Acer Inc (宏碁) shares surged 6.18 percent yesterday, as investors welcomed the PC vendor’s latest turnaround effort in appointing a former Taiwan Semiconductor Manufacturing Co (TSMC, 台積電) marketing executive as its new chief executive officer.
“It will be easier for Acer to launch an overhaul of its product strategies by hiring an executive from outside the company,” Yuanta Securities Co (元大證券) analyst Vincent Chen (陳豊丰) said in a client note.
However, Chen said that given that information about the company’s product and marketing strategies is still unclear, he was holding a neutral view about the new appointment.
Acer shares ended at NT$18.05 on the Taiwan Stock Exchange yesterday, hitting a near-two-month high since Nov. 5.
On Monday, the world’s No. 4 PC vendor said its board agreed to appoint Jason Chen (陳俊聖), former senior vice president of TSMC’s worldwide sales department, as Acer’s corporate president and CEO, effective from Tuesday next week.
“Chen’s appointment is expected to breathe fresh energy into Acer, but the young CEO will face challenges in reforming the PC brand, including global job cuts,” First Capital Management Inc (第一金證券投顧) said in a research note.
Before joining TSMC, Chen, 52, was vice president of sales and the marketing group at Intel Corp.

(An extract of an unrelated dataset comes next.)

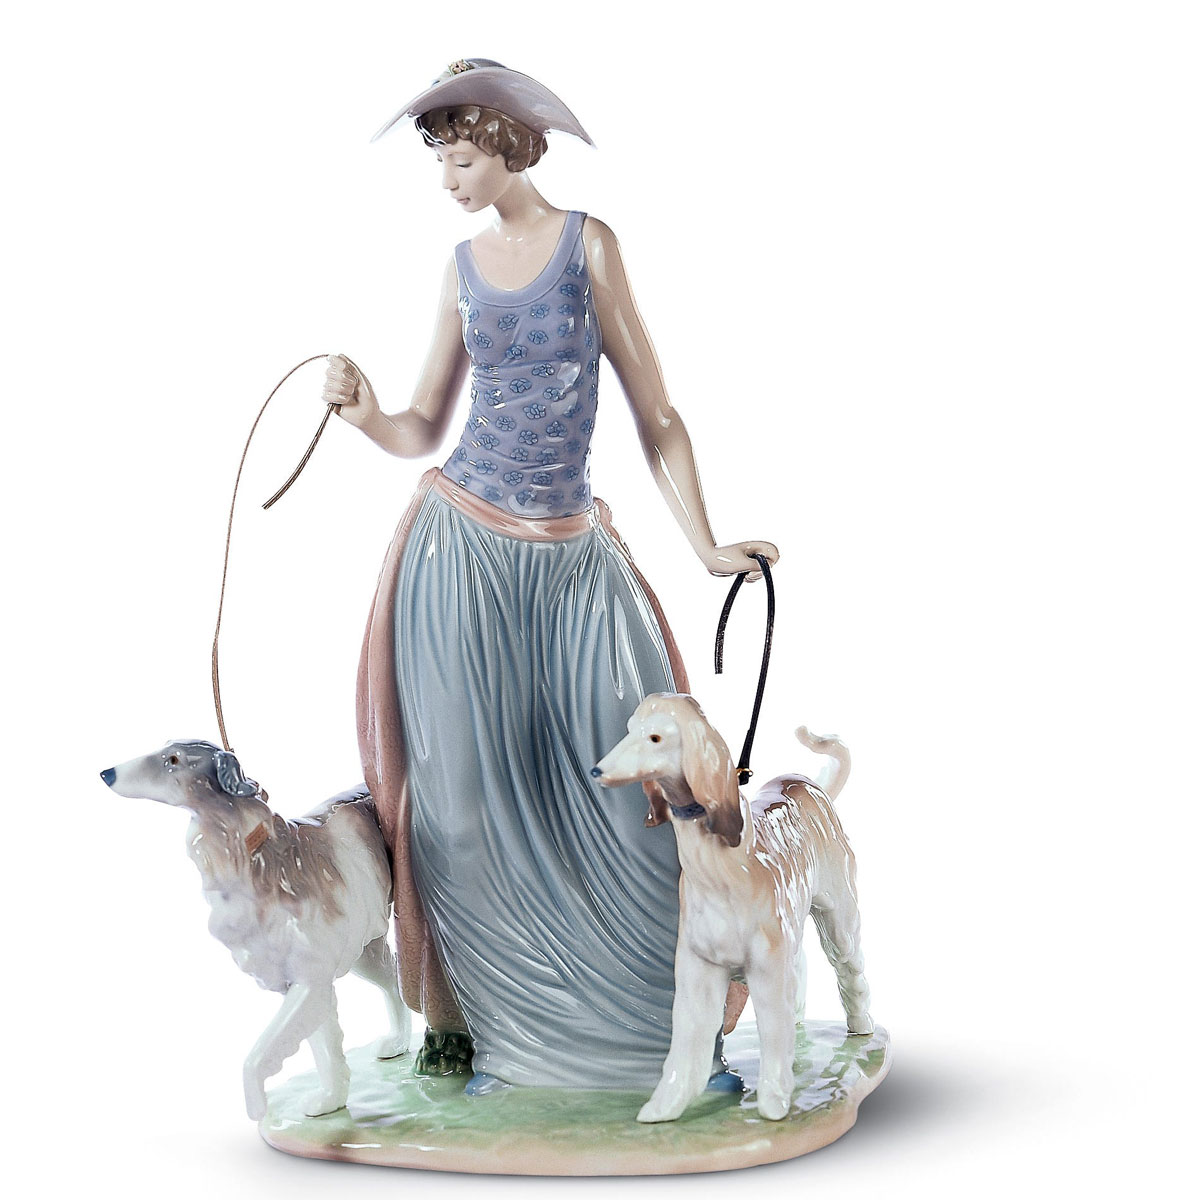 Lladro Classic Sculpture, Elegant Promenade Woman Figurine
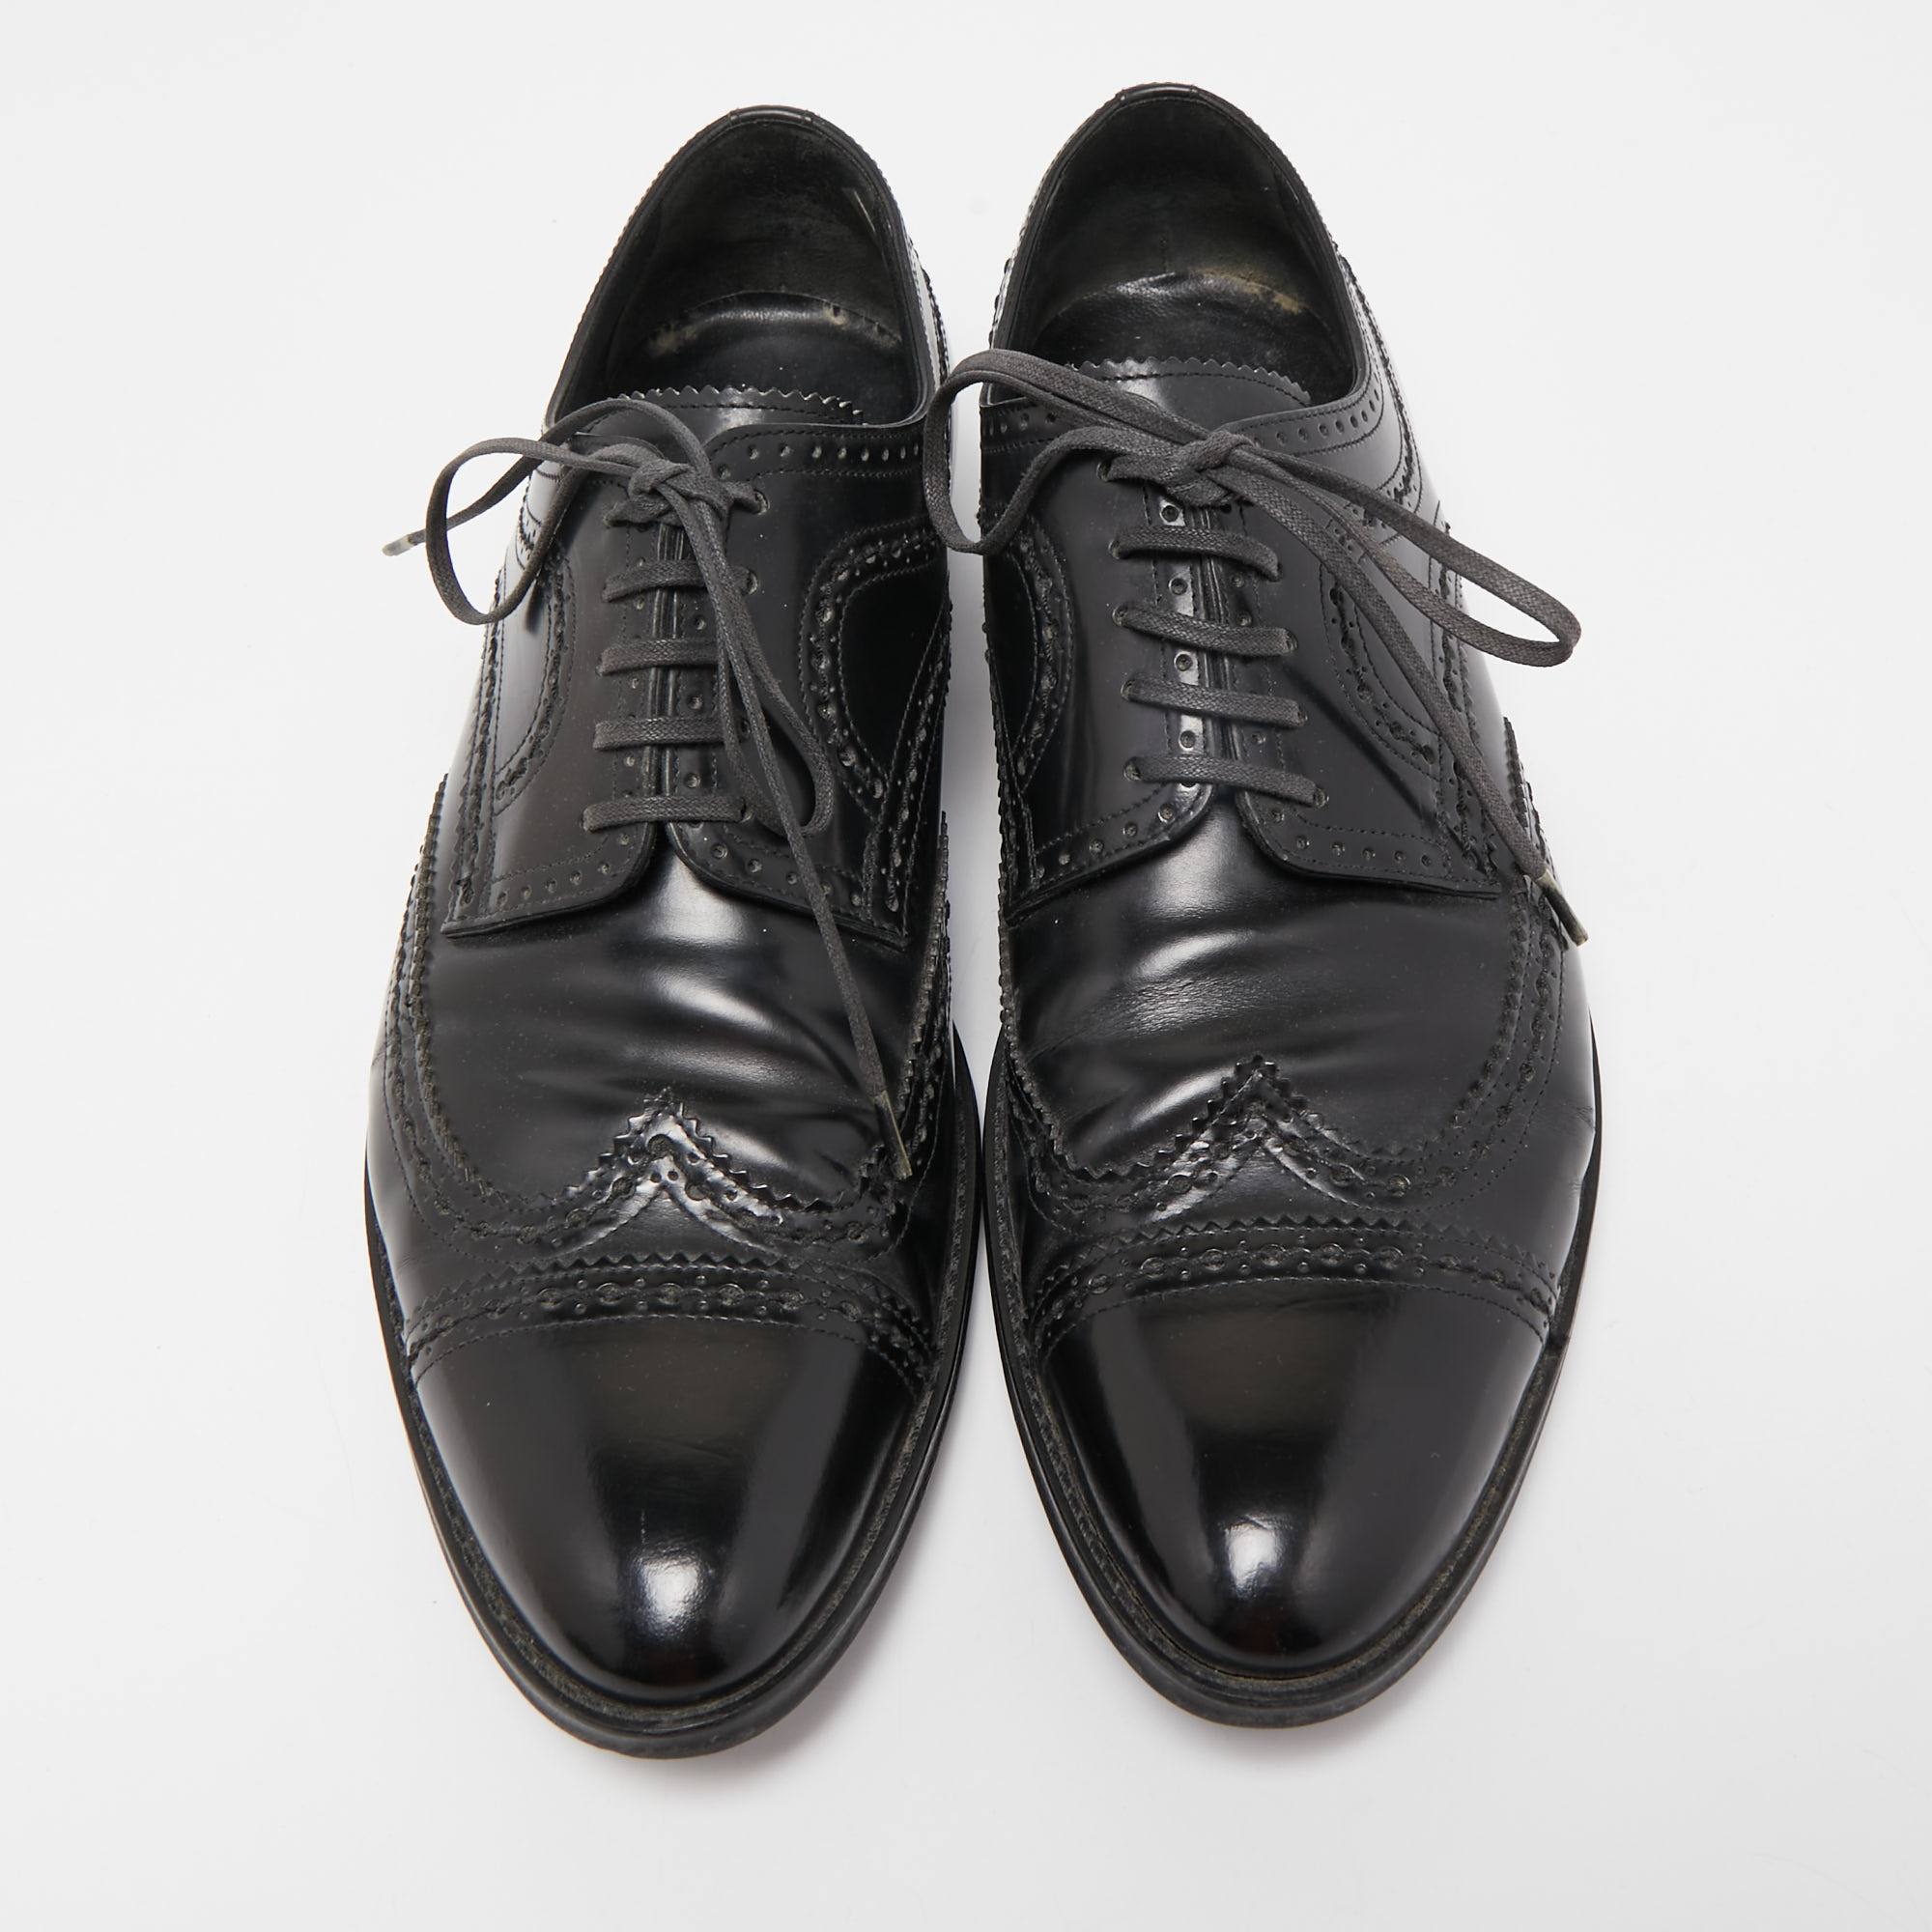 Louis Vuitton Black Brogue Leather Lace Up Derby Size 41

Chen also worked at IBM Taiwan from 1988 to 1991.
“The appointment may help give a short-term boost to Acer’s share price,” First Capital said, adding that it expects the price to bounce back to NT$20 in the short run.
However, the brokerage said it was concerned about Acer’s fundamentals and forecast that the company would post a second quarterly loss this quarter.
The company’s revenue is expected to contract by 16.94 percent year-on-year to NT$356.7 billion (US$11.87 billion) this year, First Capital said.
Former Acer chairman and CEO Wang Jeng-tang (王振堂) and former company president Jim Wong (翁建仁) tendered their resignations last month, after the company posted a net loss of NT$13.12 billion for last quarter, including an asset impairment of NT$9.94 billion.
That brought back Acer founder Stan Shih (施振榮) to chair the company during the transitional period.
The PC vendor is expected to name a new chairman at its annual shareholder’s meeting in June next year.